We can solve the problem by leveraging the observation that in postorder traversal, the last element is the root of the current subtree. After identifying the root, we locate its index in the inorder array which partitions the array into left and right subtrees. A hash table is used for fast lookup of the root index in the inorder sequence.
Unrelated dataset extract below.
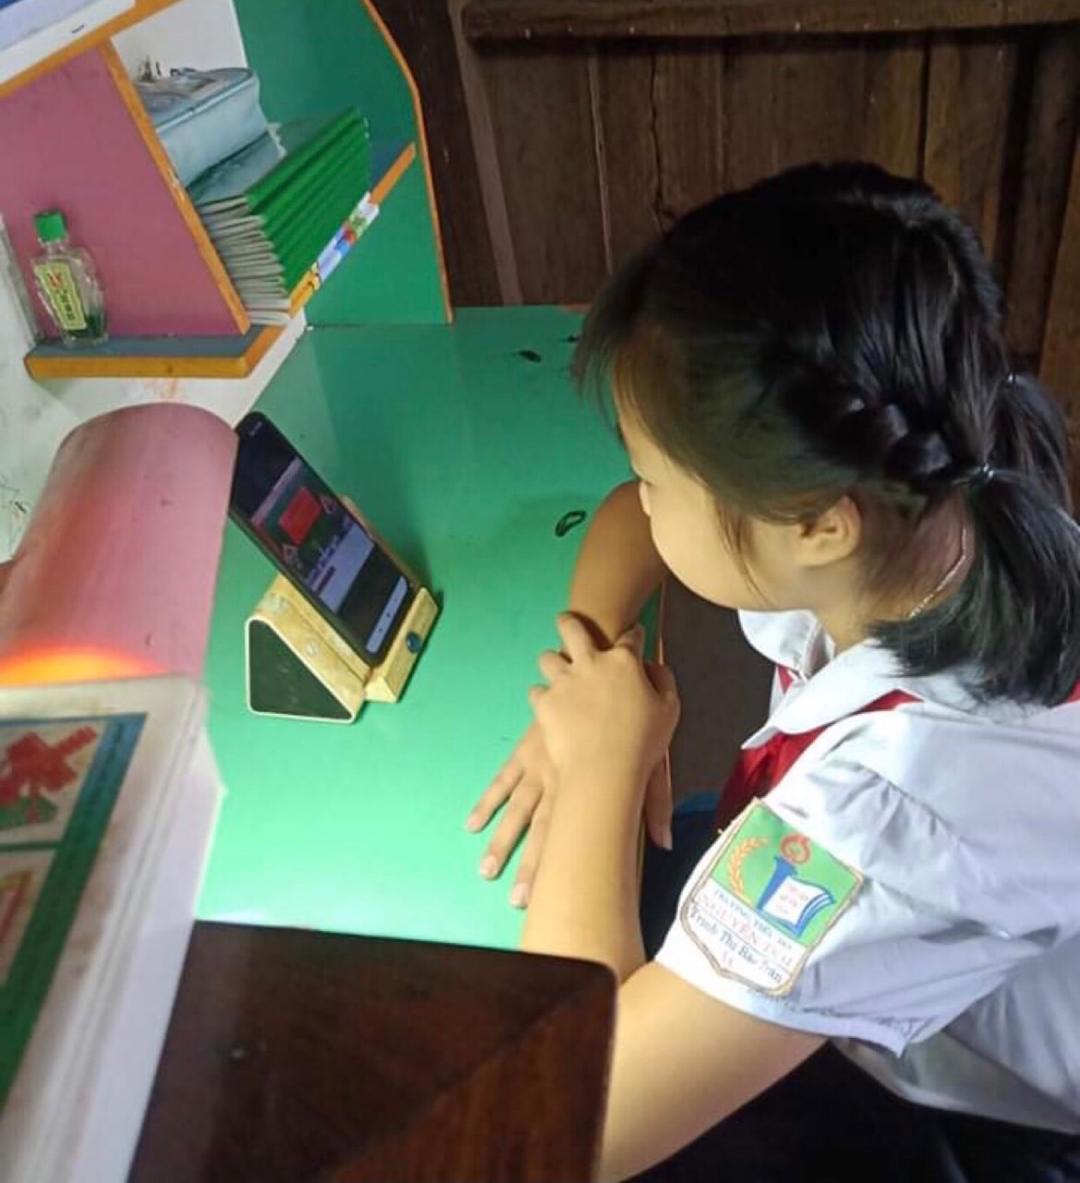 Em Trịnh  Thị Bảo Trân, học sinh lớp 4A, Trường Tiểu học Nguyễn Trãi (thị trấn Quảng Phú, huyện Cư Mgar). Ảnh Đ. Lan
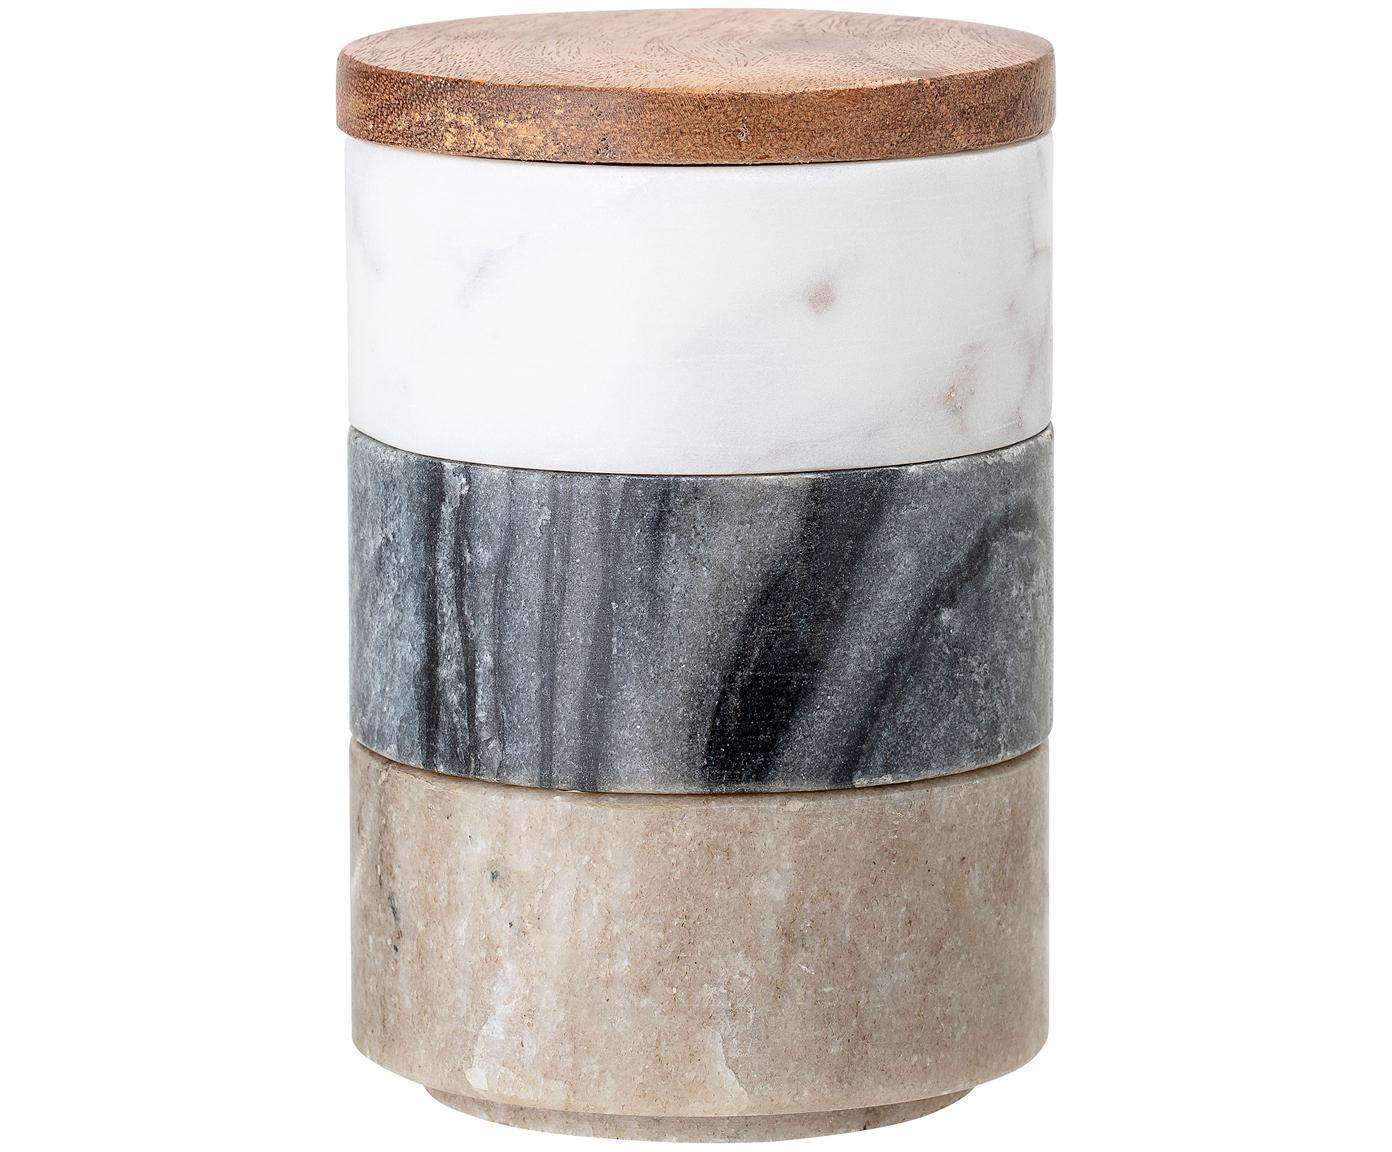 Komplet pojemników do przechowywania z marmuru Gatherings, 4 elem., Brązowy, szary, biały, marmurowy, Ø 8 x W 12 cm

We then recursively apply the same process for left and right subtrees, carefully managing indices to maintain alignment between the inorder and postorder arrays.

Code Solutions

# Definition for a binary tree node.
class TreeNode:
    def __init__(self, val=0, left=None, right=None):
        self.val = val         # Node's value
        self.left = left       # Left child
        self.right = right     # Right child

class Solution:
    def buildTree(self, inorder: list[int], postorder: list[int]) -> TreeNode:
        # Create a dictionary to map value -> index in the inorder array for O(1) lookup
        inorder_index_map = {value: idx for idx, value in enumerate(inorder)}
        
        # Recursive helper function that builds the tree
        def build(left_in, right_in, left_post, right_post):
            if left_in > right_in or left_post > right_post:
                return None
                
            # Last element in current postorder range is root
            root_val = postorder[right_post]
            root = TreeNode(root_val)
            
            # Find the index of the root in inorder traversal
            index = inorder_index_map[root_val]
            # Number of nodes in left subtree
            left_count = index - left_in
            
            # Construct left subtree using the corresponding subarrays
            root.left = build(left_in, index - 1, left_post, left_post + left_count - 1)
            # Construct right subtree using the corresponding subarrays
            root.right = build(index + 1, right_in, left_post + left_count, right_post - 1)
            
            return root
        
        # Initiate the recursive function with proper indices
        return build(0, len(inorder) - 1, 0, len(postorder) - 1)
        
# Example usage:
# sol = Solution()
# tree = sol.buildTree([9,3,15,20,7], [9,15,7,20,3])